Documenting an Incident
The last part of forensic log visualization is the documentation of an incident. The attack detection process helped us find an attack and identify it. The second part was about assessing the impact and extent of an attack. When that information is known, we generally have to document the incident and provide this information to management, possibly law enforcement; and in a lot of cases, we can use the information gathered to educate people in our organization. Only part of incident documentation can be done with log files.
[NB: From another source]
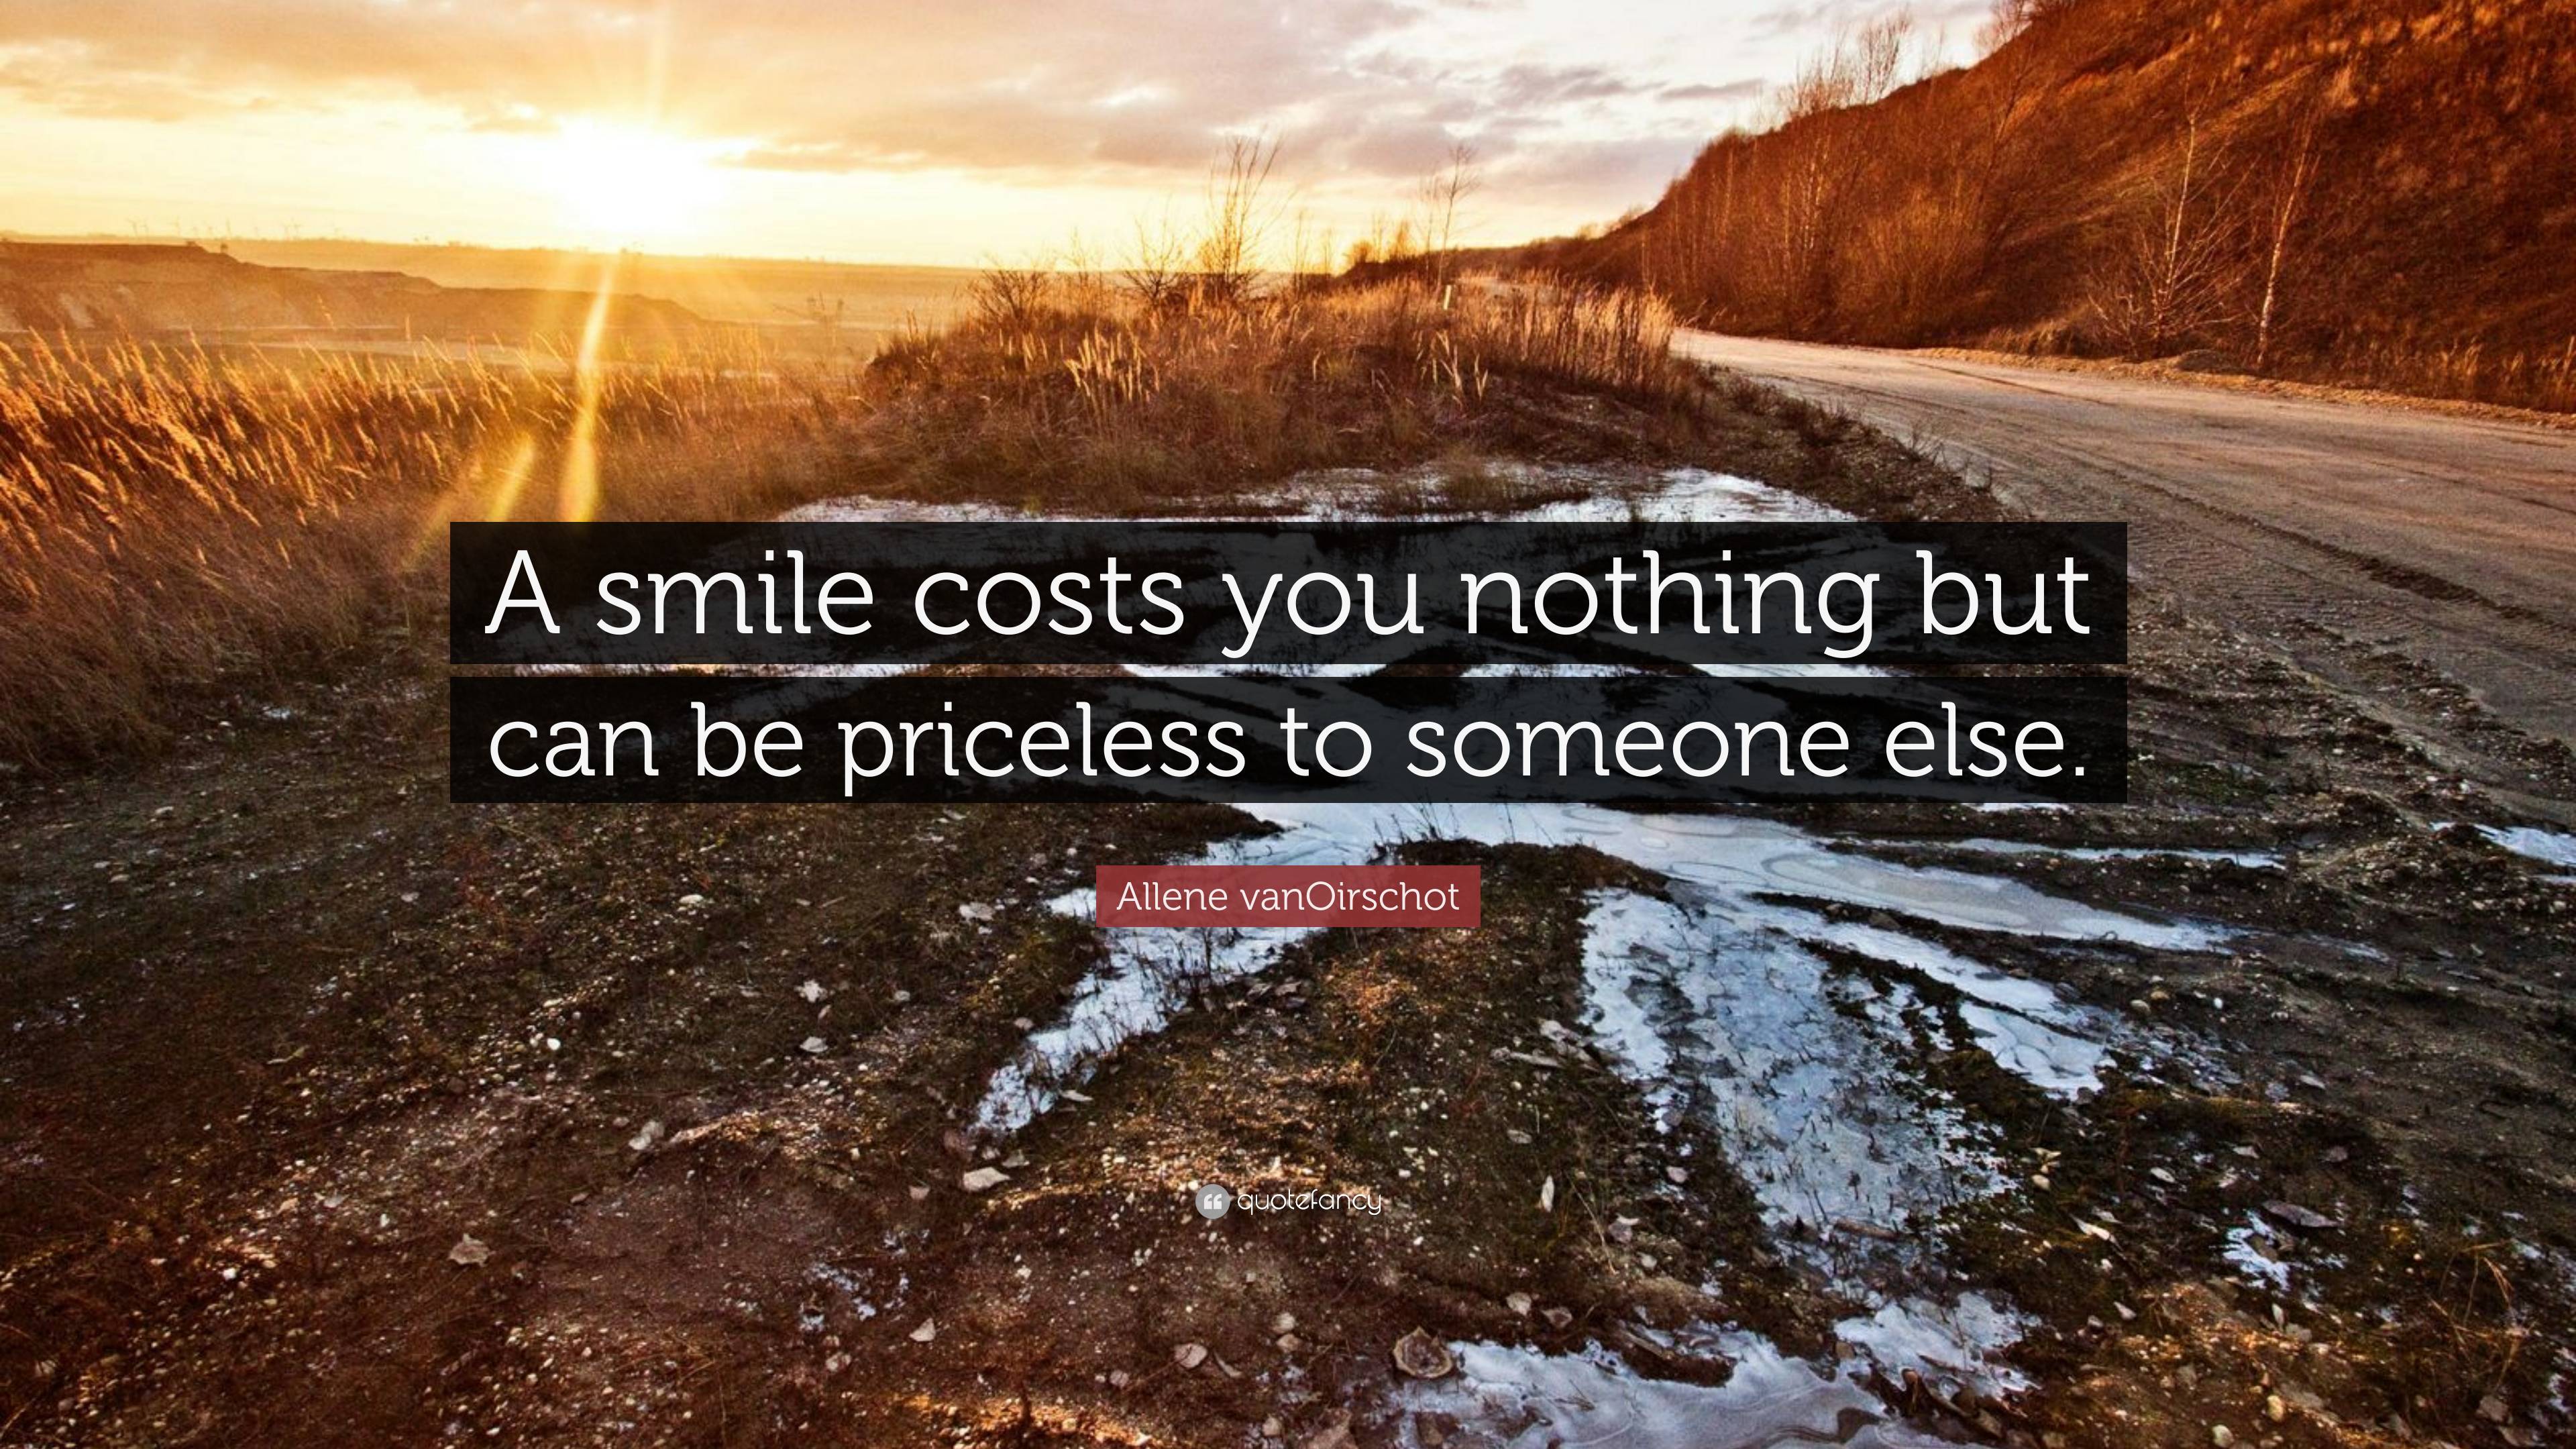 Allene Vanoirschot Quote “a Smile Costs You Nothing But Can Be Priceless To Someone Else”

Often, forensic images will be taken from machines that will serve as evidence and documentation of an incident. However, the part that can be done through log files is often useful to help communicate how an attacker entered the systems and the extent of the problem.
I have already discussed a lot of the elements of incident documentation when we talked about reporting. The important things to keep in mind are two things:
- Who is the audience for the incident documentation?
- What is the best way to represent the information?
These two questions will help you make sure that the documentation meets its goals. If you are writing the documentation for your management, make sure that you show on a higher level how the attack happened. Why was the attacker able to get in? Don't go into all the gory details of the vulnerabilities that were present and the exploit code that was used. Show concepts and where more controls could have prevented the attack. If you are communicating the information to the owner of the servers that were penetrated, mention all those gory details. Help them understand how the attacker penetrated the system, but don't forget to mention how the attack could have been prevented. The system administrators will not be too interested in the network components of the attacks but instead will want to know what happened on the server itself.
It is not always the best idea to use graphs and visualization for this type of documentation. Some of the documentation is better communicated in textual form. However, if you are trying to show an attack path, how the attacker actually entered the system, a picture is still worth a lot. Show the network topology, and on top of it, how the attacker was able to come in. Link graphs are generally a great tool for this type of documentation. I could spend a lot more time on this topic, but it is not one that benefits tremendously from visualization. In sum, if you can summarize information in a graph to communicate the pertinent information with other people, do so!